DATA PROVIDED -
◆ ◆ ◆ ◆
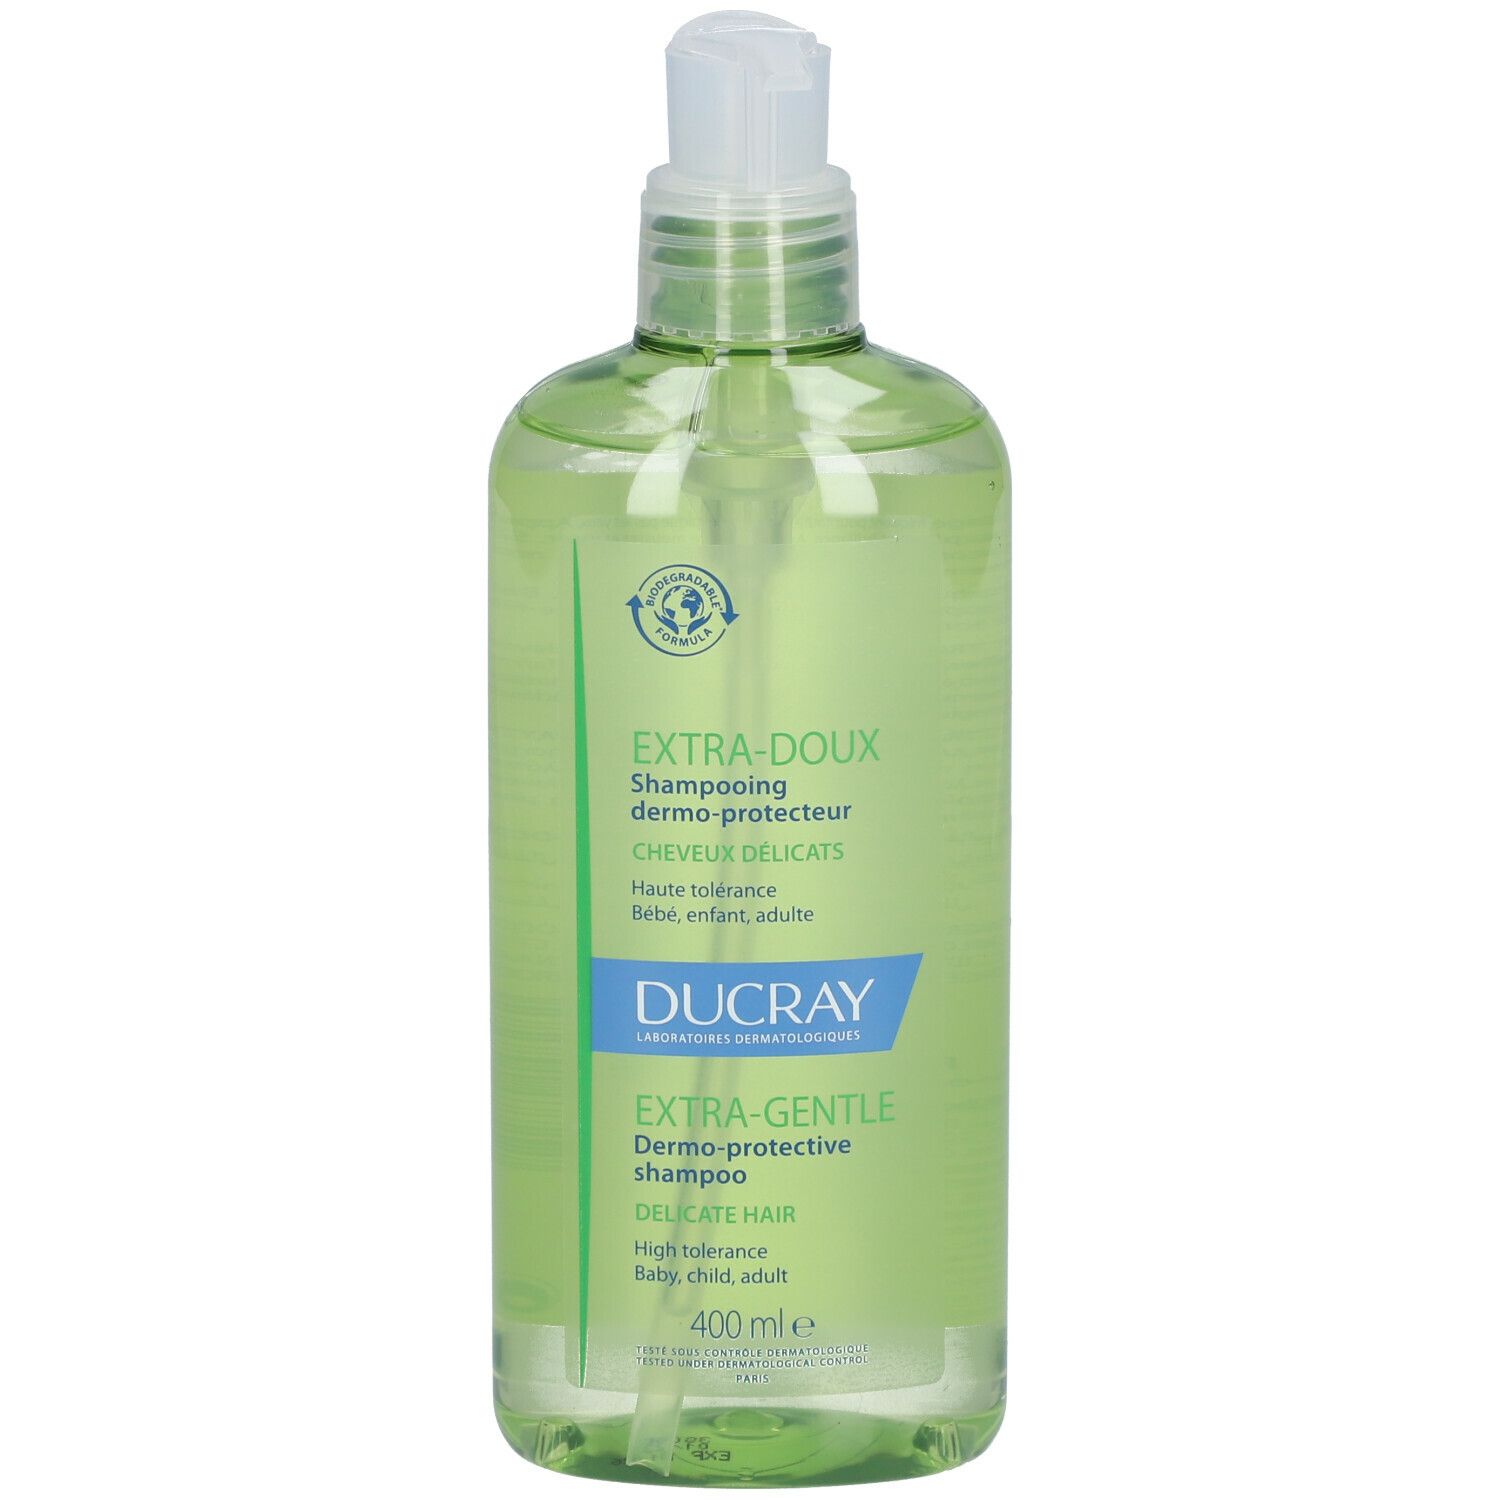 Ducray Extra-Doux Shampooing dermo-protecteur
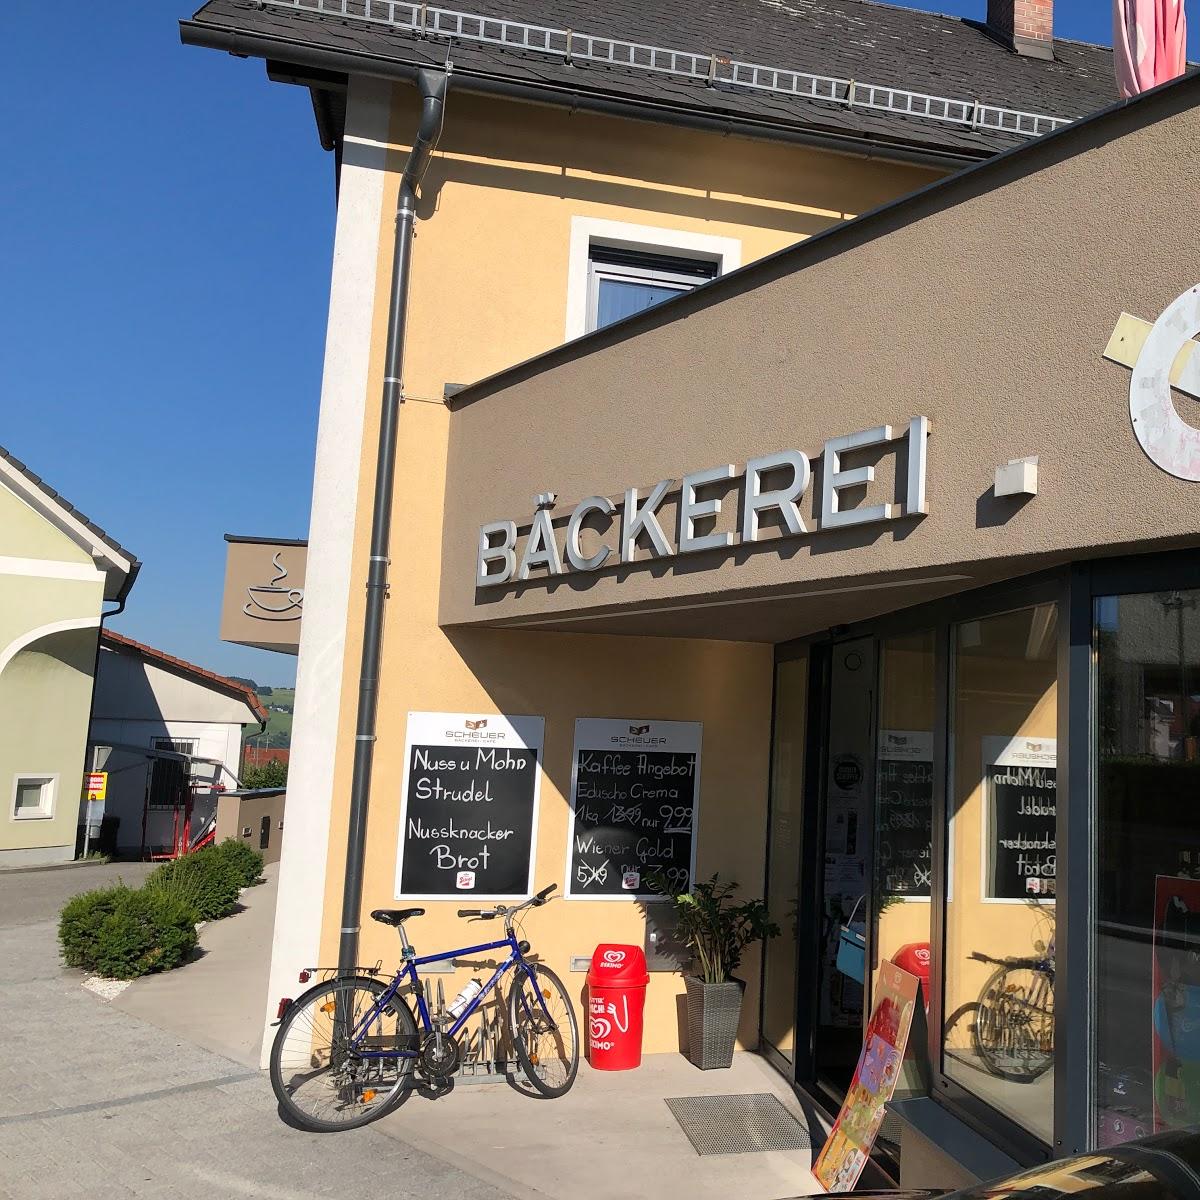 Restaurant "Bäckerei-Cafe Scheuer" in Haibach ob der Donau
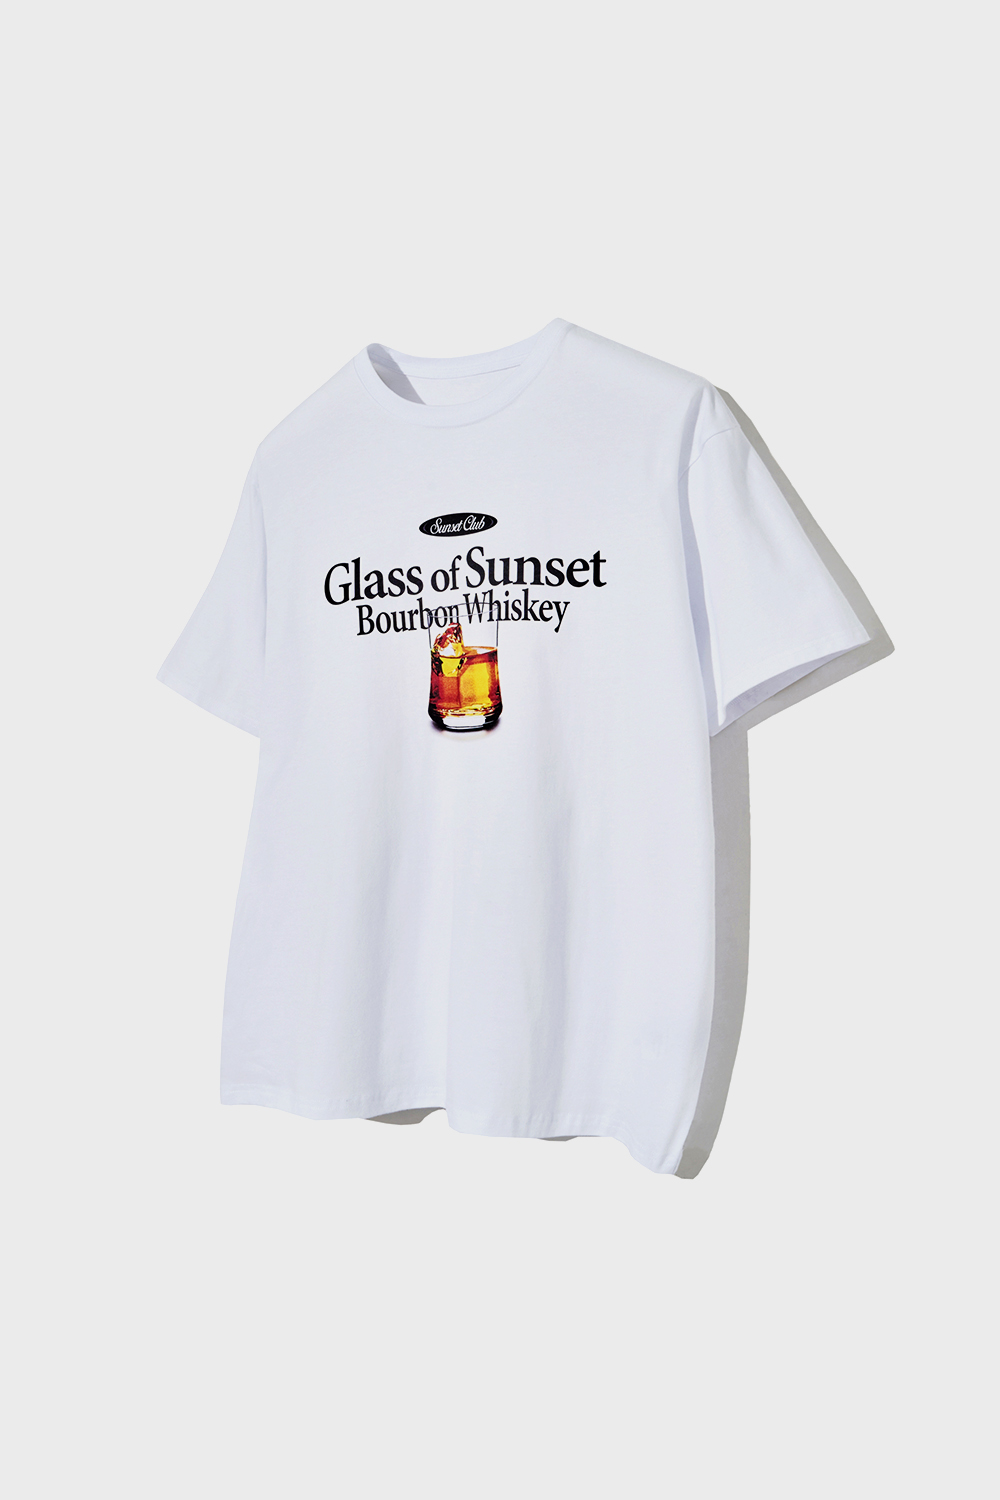 Glass of Sunset T-Shirts (White)
◆ ◆ ◆ ◆
WHAT THE TASK ASKS -
Reproduce all of the data exactly, omitting each picture it holds.

WRITTEN ANSWER -
 Ducray Extra-Doux Shampooing dermo-protecteur
 Restaurant "Bäckerei-Cafe Scheuer" in Haibach ob der Donau
 Glass of Sunset T-Shirts (White)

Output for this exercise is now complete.